Personal information
- Native name: Seán Ó Cadhla (Irish)
- Born: 1927 Dungarvan, County Waterford, Ireland
- Died: 18 June 2004 (aged 77) Abbeyside, County Waterford, Ireland
- Height: 5 ft 7 in (170 cm)

Sport
- Sport: Hurling
- Position: Left corner-forward

Clubs
- Years: Club
- Dungarvan Seán McDermotts

Inter-county
- Years: County
- 1948-1959: Waterford

Inter-county titles
- Munster titles: 3
- All-Irelands: 2

= John Kiely (Waterford hurler) =

Irish hurler

John Kiely (1927–2004) was an Irish sportsperson. He played hurling with his local club Dungarvan and with the Waterford senior inter-county team in the 1940s and 1950s.

==Playing career==
===Club===

Kiely played most of his club hurling with his local Dungarvan club. He played in two county finals but never won a senior county medal. Kiely also won junior championship honours with Brickey Rangers and Éire Óg.

===Inter-county===

Kiely first came to prominence on the Waterford senior inter-county team in the late 1940s. He played in the first round of the Munster Championship in 1948, however, in spite of no further appearances that year, he was still eligible to receive both Munster and All-Ireland medals following Waterford's victories over Cork and Dublin respectively. It would be 1957 before Kiely won his first Munster title on the field of play. Waterford later played Kilkenny in the All-Ireland final, however, victory went to the men from Leinster on that occasion. The team would later come to rue this defeat as an All-Ireland title that they should have won. Waterford lost their provincial crown in 1958, however, the team bounced back in 1959 with Kiely collecting a second Munster title.
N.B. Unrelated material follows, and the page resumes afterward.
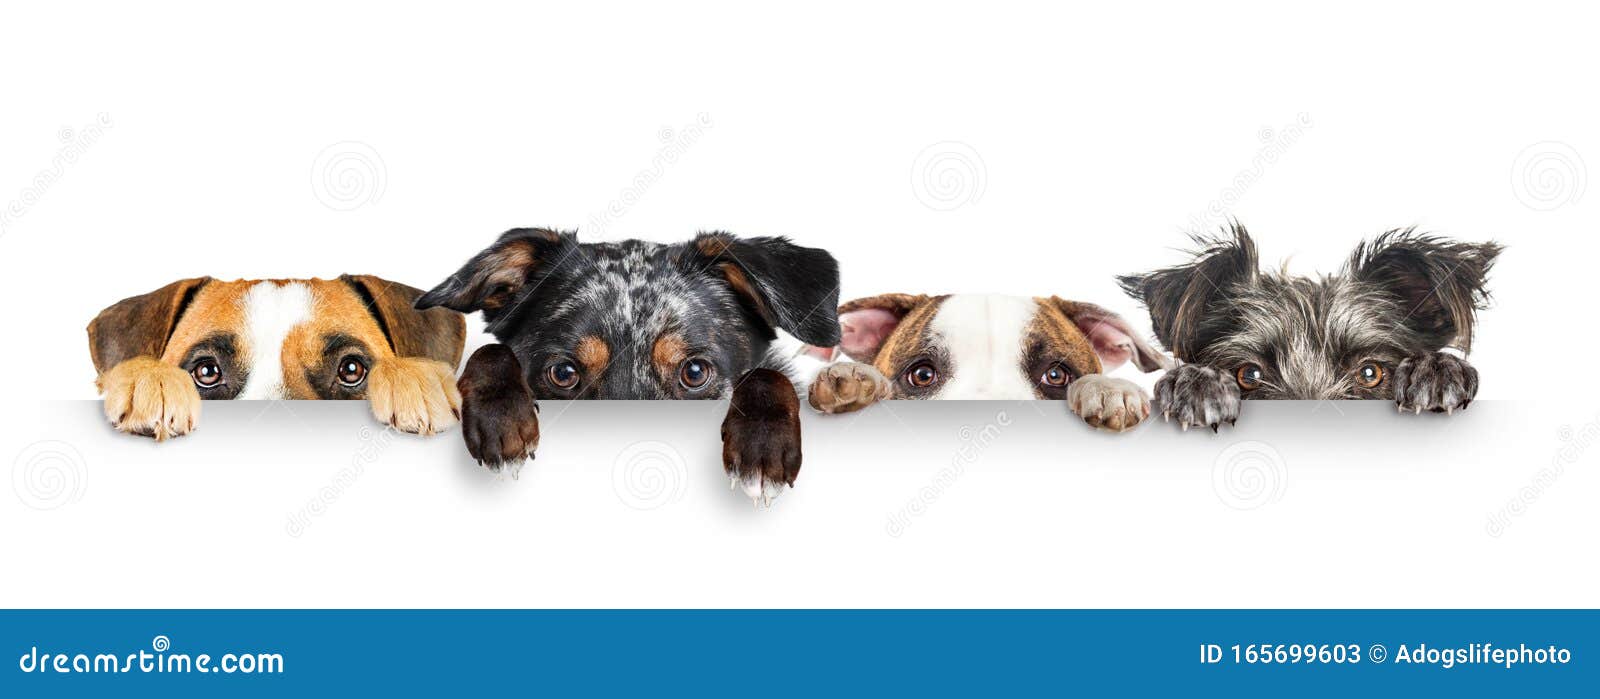 dogs peeking eyes and paws over white web banner

Once again Waterford subsequently lined out in the championship decider and, once again, Kilkenny provided the opposition. The game ended in a draw, however, when the two sides met for the replay a few weeks later the men from Waterford made no mistake in defeating their near rivals and Kiely collected his first All-Ireland medal on the field of play. He retired from inter-county hurling shortly afterwards.

Kiely also won Railway Cup honours with Munster in 1952 and 1957. He was also a magnificent handballer and participated in many Masters. John Kiely died on 18 June 2004.